Again, I don’t want to discourage this project. I would really like to help, actually. I want to be realistic about the challenges here, and there is a reason why the equilibria is where it is.
Thanks for leaving such a high quality comment. I’m sorry for taking so long to get back to you.
We fully expect bringing this to market to take tens of millions of dollars. My best guess was $20-$40 million.
We expect this to be difficult, but we DON’T expect to have to solve the delivery problem entirely on our own. There are significant incentives for existing companies such as Dyno Therapeutics to solve the problem of delivering genes (or other payloads) to the nucleus of brain cells. In fact, Dyno already has a product, Dyno bCap 1 which successfully delivered genes to between 5% and 20% of brain cells in non-human primates.
Obviously we will need higher efficiencies than that to perform edits for polygenic brain diseases or intelligence, but the ease of delivering payloads to brain cells has been gradually improving over the years and I expect it to continue doing so.
There are of course some issues:
I know from some conversations with a former employee of Dyno that the capsids can be customized to be serologically distinct so that any antibodies formed in response to one round of treatment will not destroy the capsids used in the second round. But I am still waiting to hear back from them regarding the cost and time required to do this sort of customization.
Custom AAVs are also quite expensive per dose, largely due to the cost of reagents and other basic supplies that no one has figured out how to make cheaper yet. So it’s a plausible delivery mechanism, but far from ideal.
Still, the fact that there is an existing product on the marketplace which can get custom DNA payloads into the nuclei of brain cells gives me hope that someone else will have made major headway on the delivery problem by the time we are ready for trials in cows or non-human primates.
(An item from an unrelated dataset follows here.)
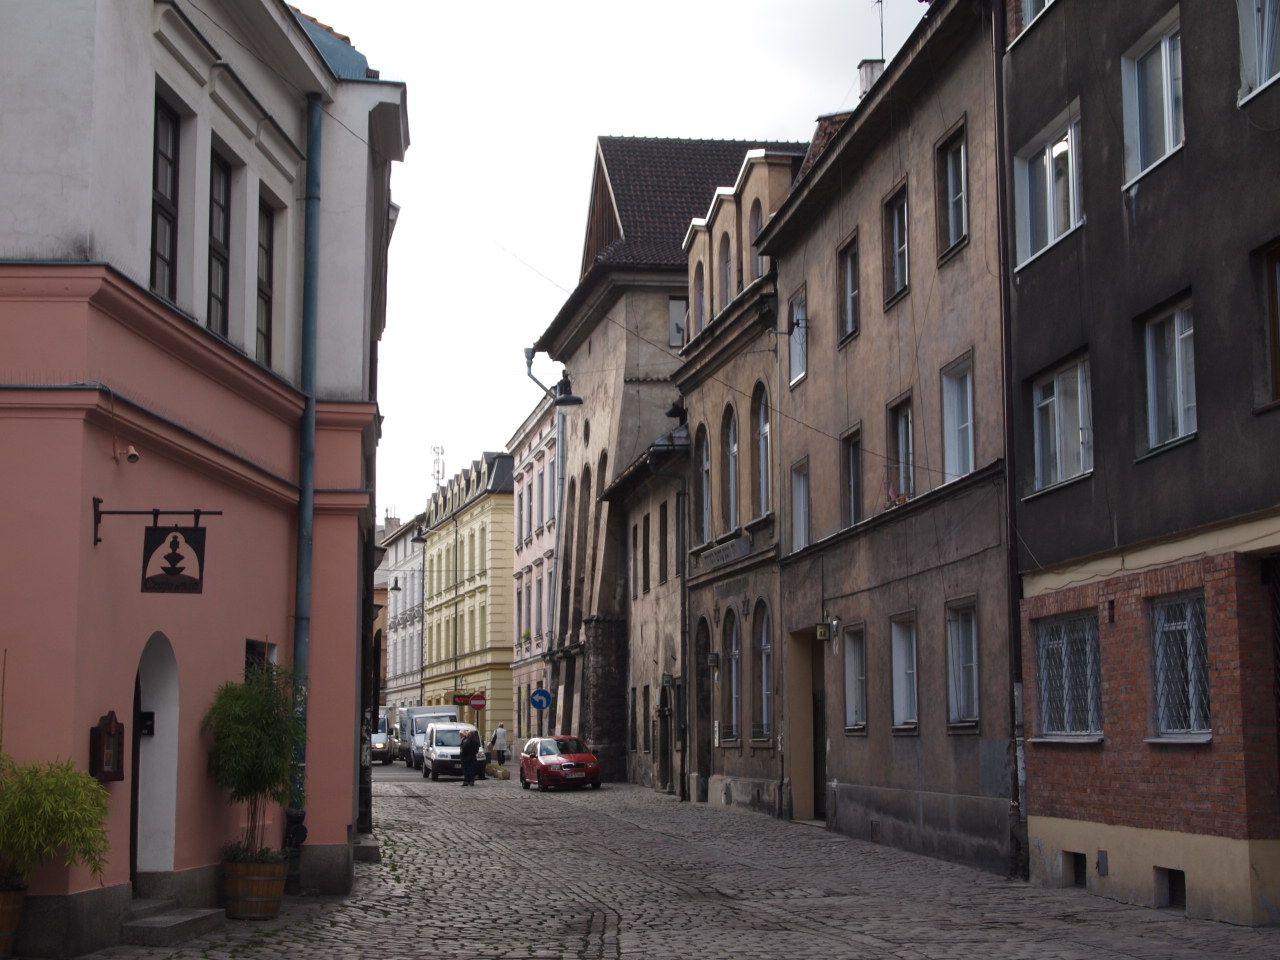 Bohemian Kazimierz tour in Krakow

In the meantime, we simply need a way to get editors into HEK cells and brain cells efficiently in cell cultures to test multiplex editing approaches. I’m sure this will pose its own set of challenges, but given dozens of labs have done this I don’t expect that to be infeasible.
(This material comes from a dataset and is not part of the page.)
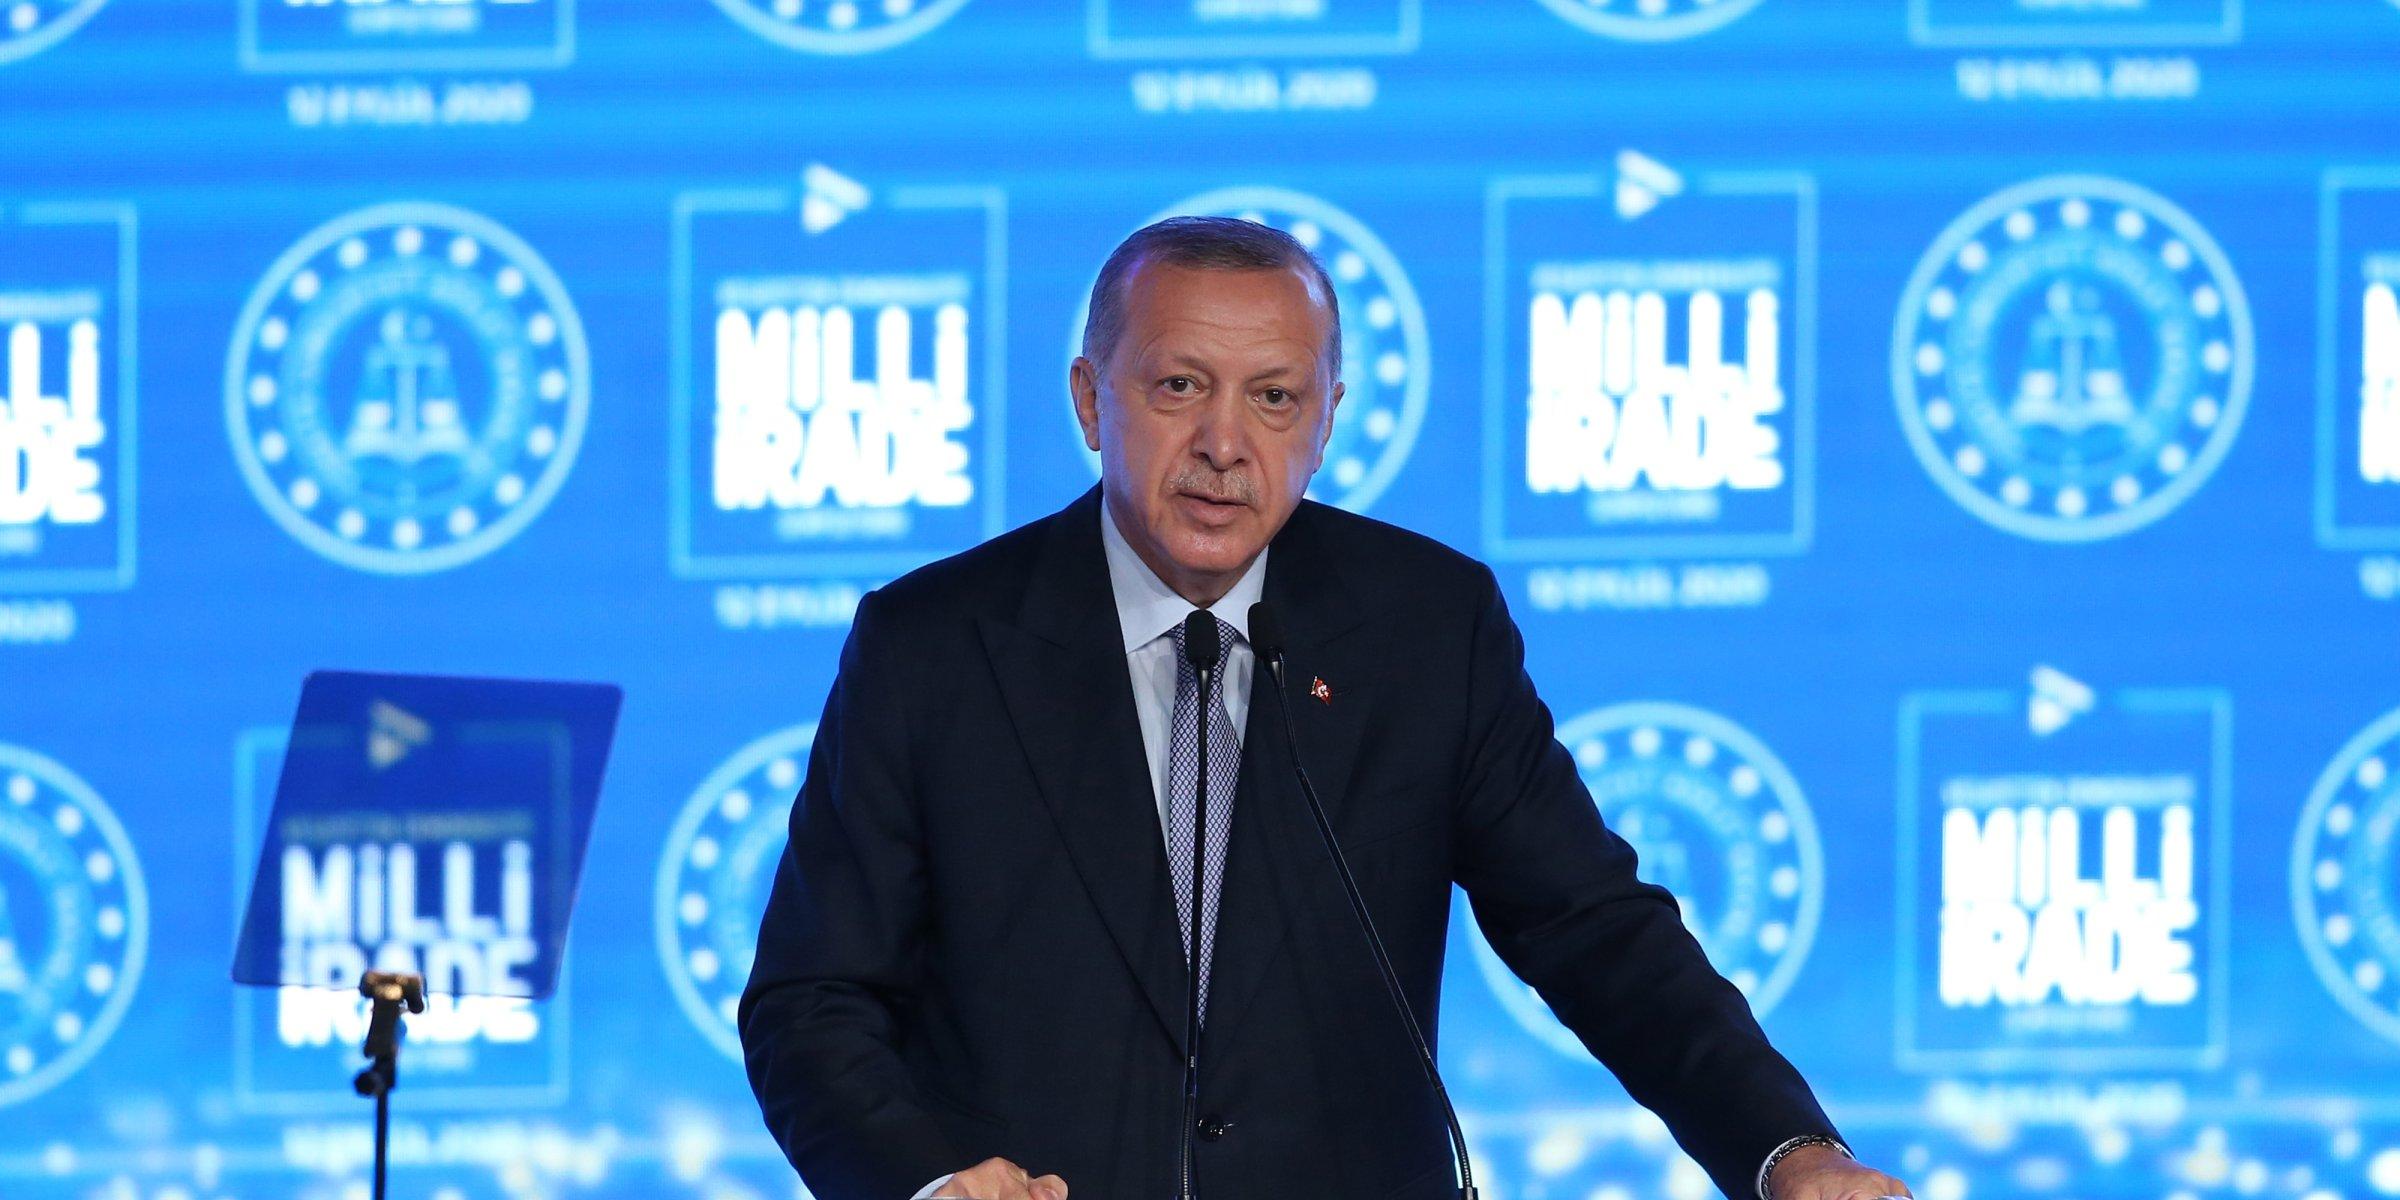 Credit agencies' ratings 'worthless,' Erdoğan says after Moody's downg... image

Send me an email if you have time to chat about this. If you’re willing I’d like to pick your brain more about other aspects of the project.
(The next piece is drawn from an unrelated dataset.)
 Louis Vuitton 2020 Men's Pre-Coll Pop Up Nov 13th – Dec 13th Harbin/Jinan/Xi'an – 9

Really interesting, thanks for commenting.
Are you doing traditional gene therapy or CRISPR-based editing?
If the former, I’d guess you’re using Lentivirus because you want genome integration?
If the latter, why not use Lipofectamine?
How do you use electroporation?
Does this refer to the proportion of the remaining cells which had successful edits / integration of donor gene? Or the number that were transfected at all (in which case how is that measured)?
This study achieved up to 59% base editing efficiency in mouse cortical tissue, while this one achieved up to 42% prime editing efficiency (both using a dual AAV vector). These contributed to our initial optimism that the delivery problem wasn’t completely out of reach. I’m curious what you think of these results, maybe there’s some weird caveat I’m not understanding.
This is my belief as well—though the dearth of results on multiplex editing in the literature is strange. E.g. why has no one tried making 100 simultaneous edits at different target sequences? Maybe it’s obvious to the experts that the efficiency would be to low to bother with?